= Task item =
Your answer should hold exactly the lines below from the line with "659-Somalie 20 Shilin 1983 D028 - Somalia" through the line with "tata motors logo images", both included, and no pictures at all.

= Working data =
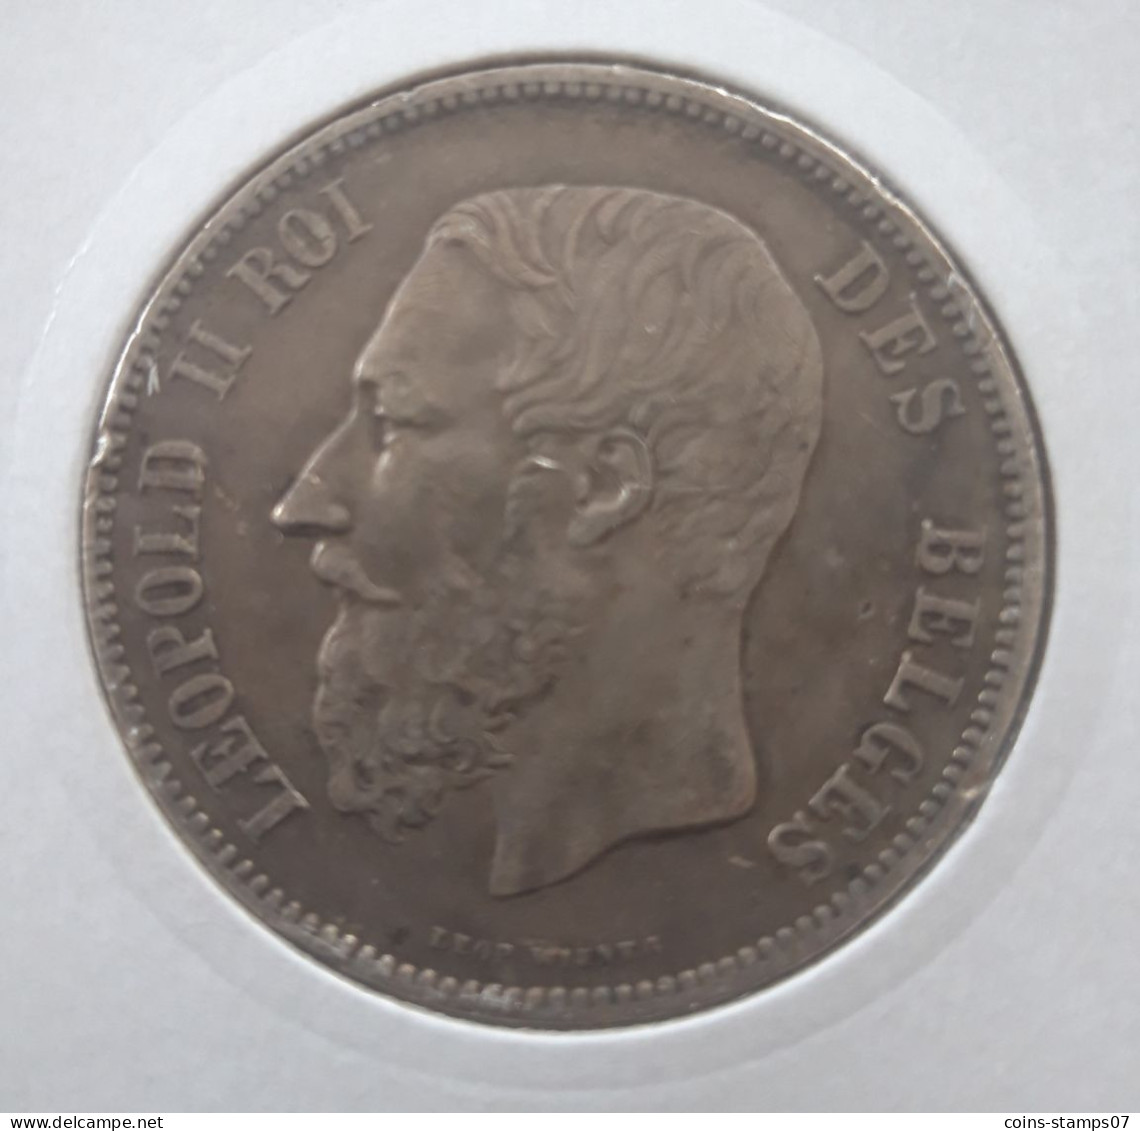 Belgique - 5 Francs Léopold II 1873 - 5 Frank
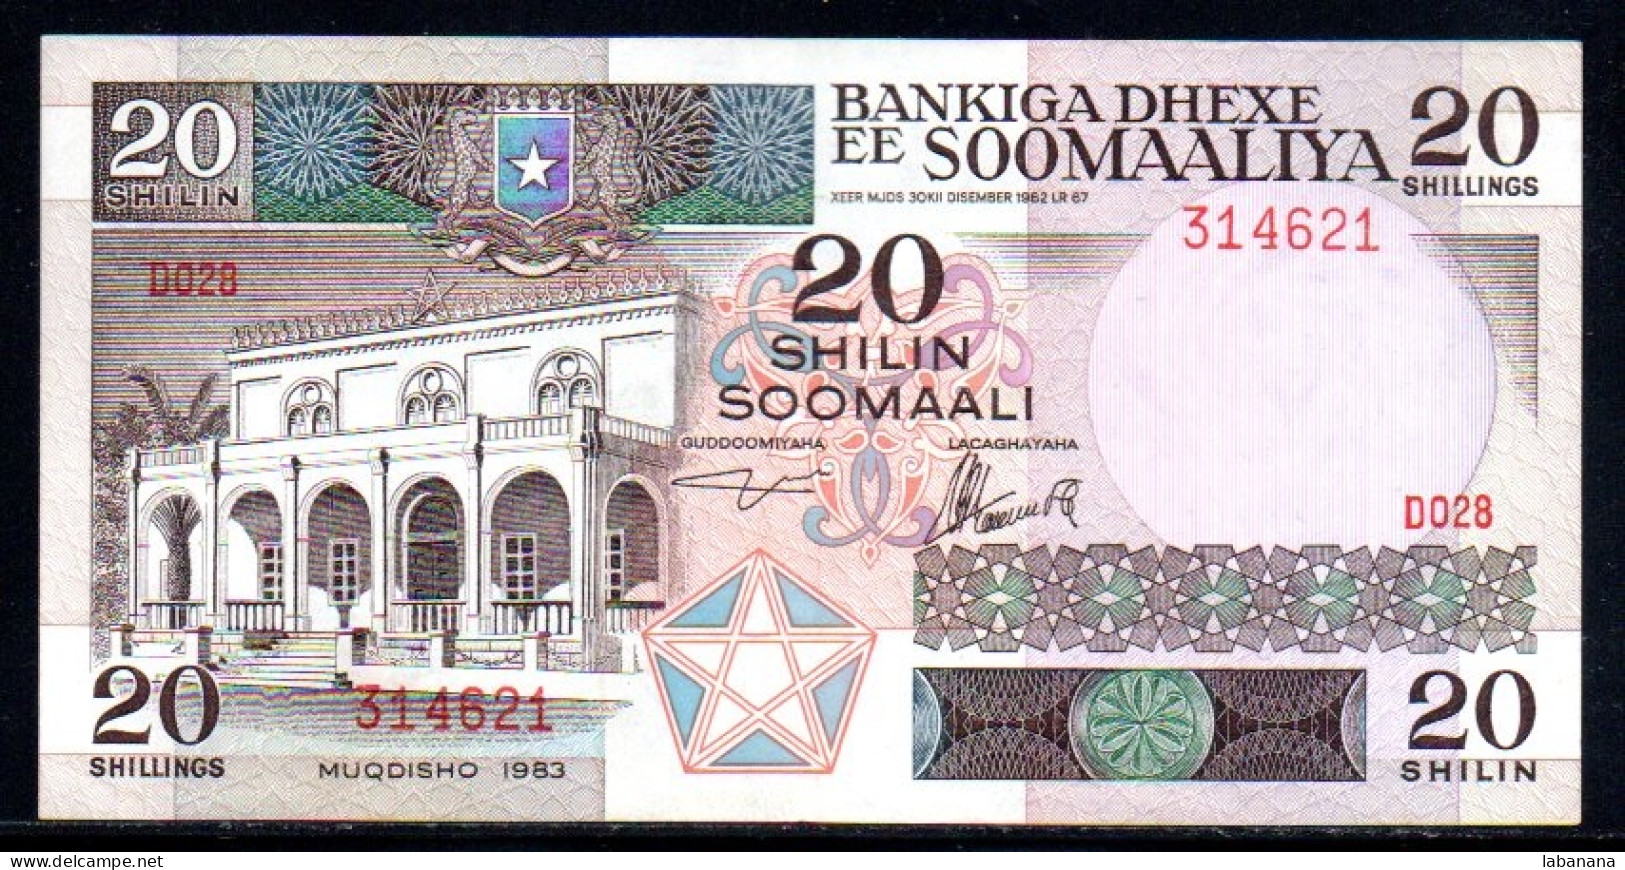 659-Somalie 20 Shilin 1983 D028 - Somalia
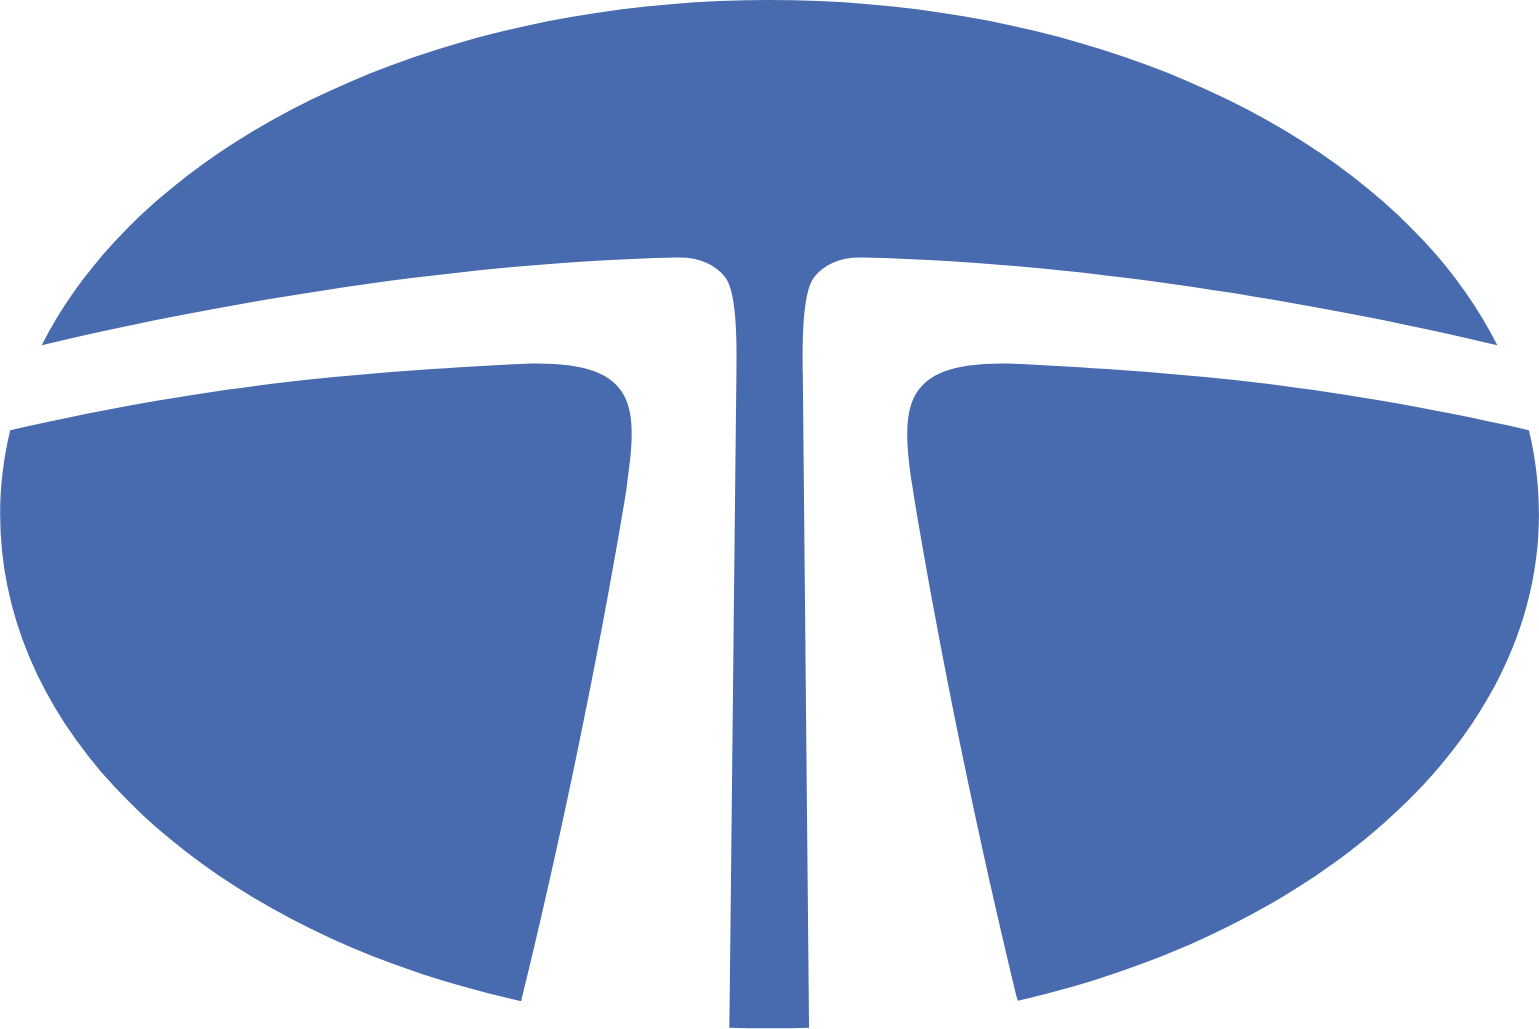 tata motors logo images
---
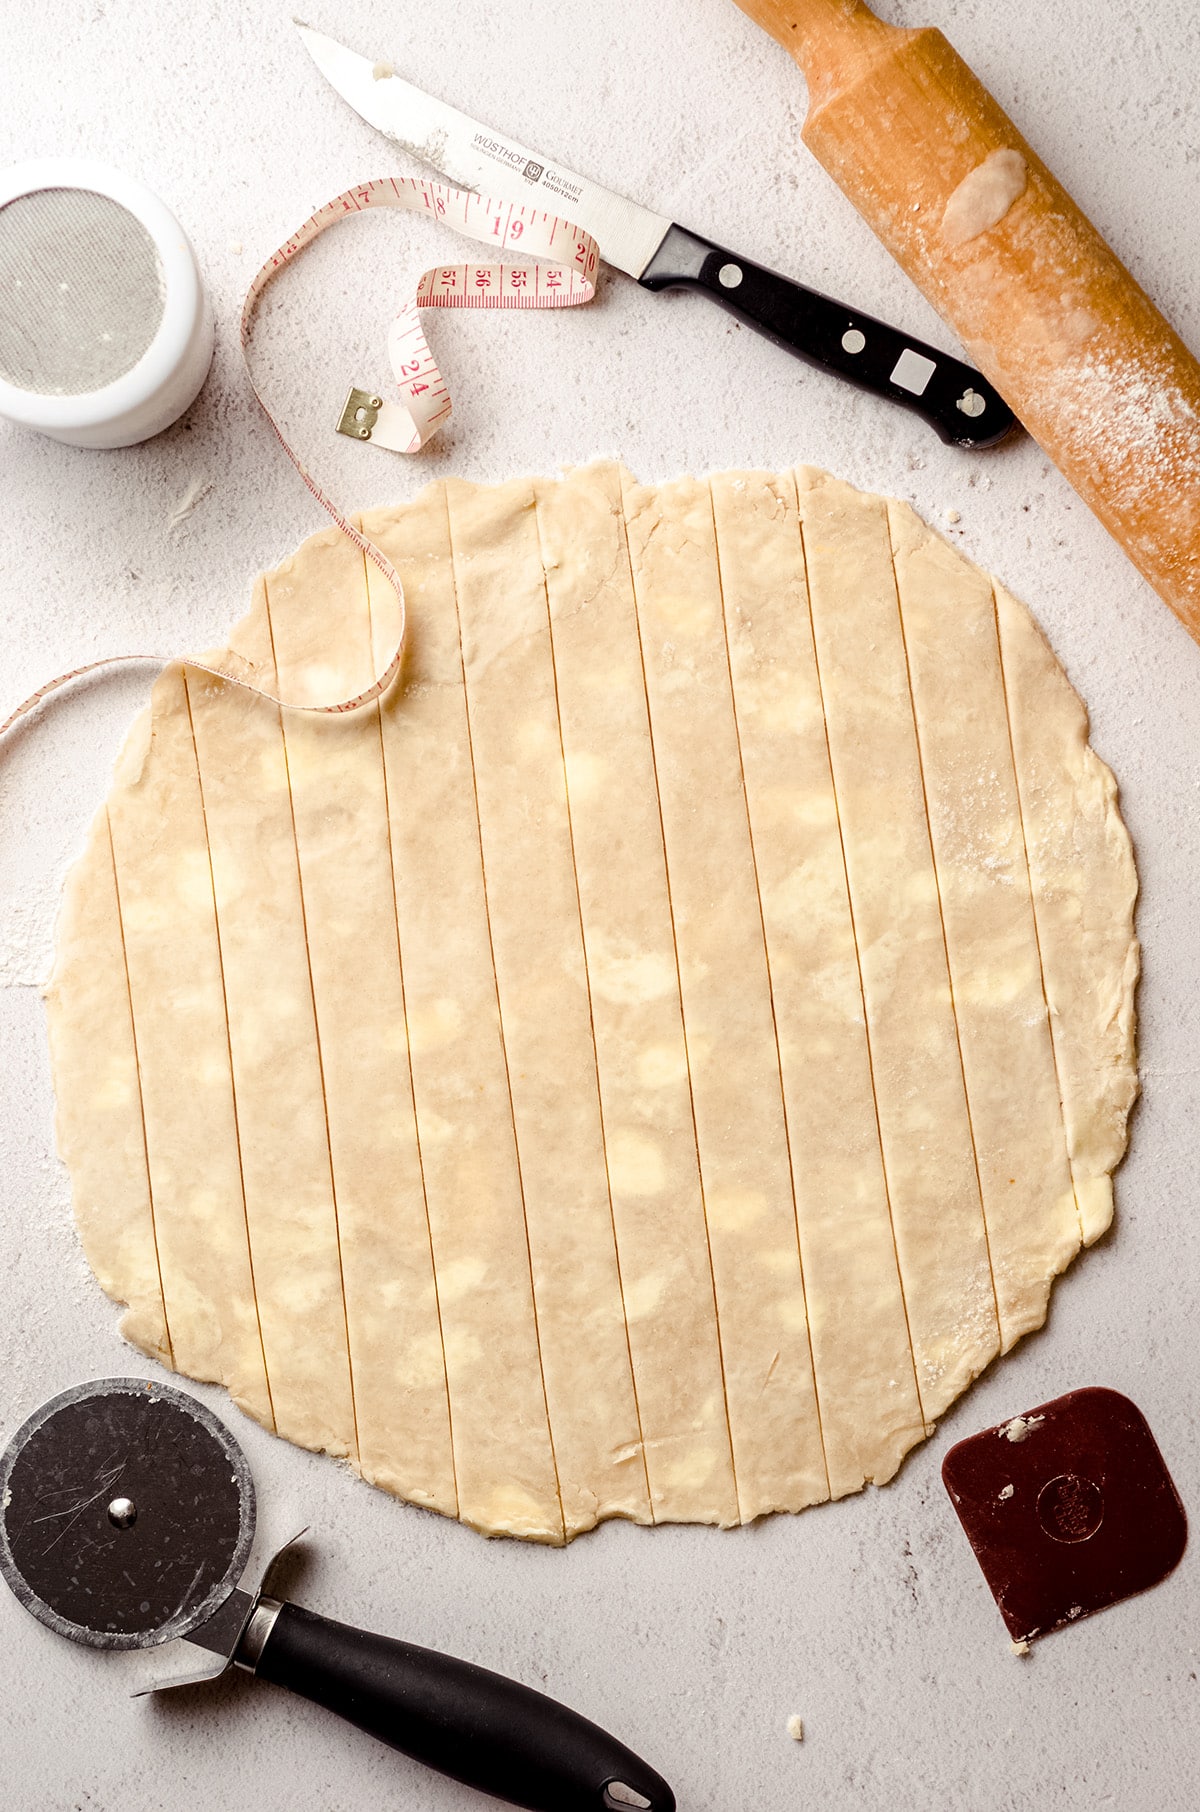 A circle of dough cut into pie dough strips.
--
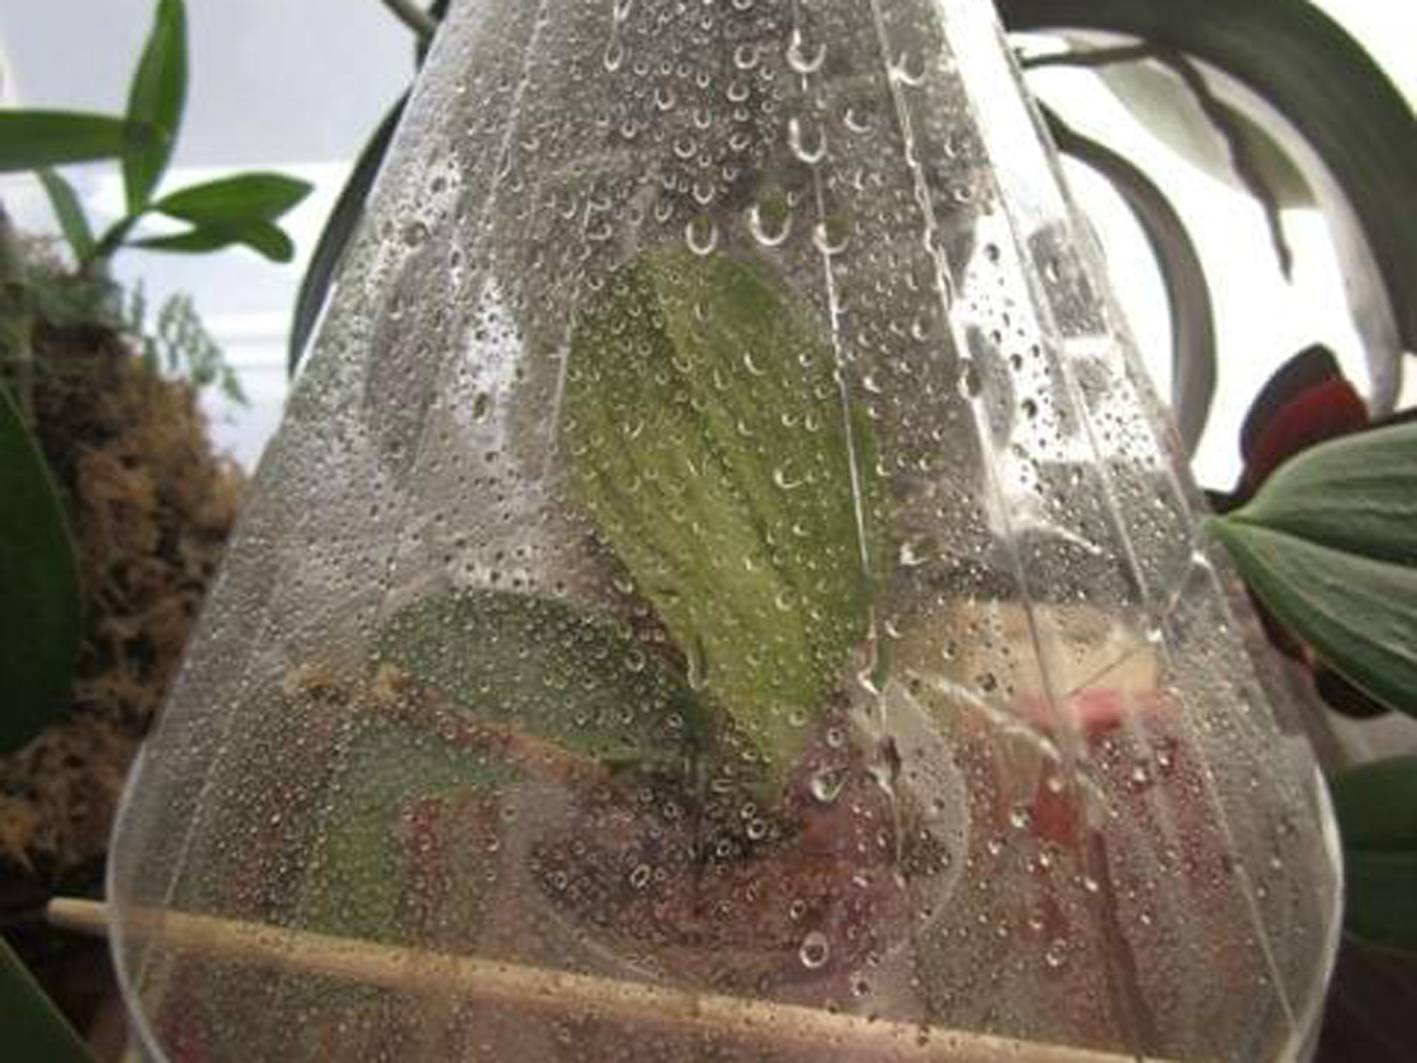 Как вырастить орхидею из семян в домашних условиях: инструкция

= Result of this exercise =
 659-Somalie 20 Shilin 1983 D028 - Somalia
 tata motors logo images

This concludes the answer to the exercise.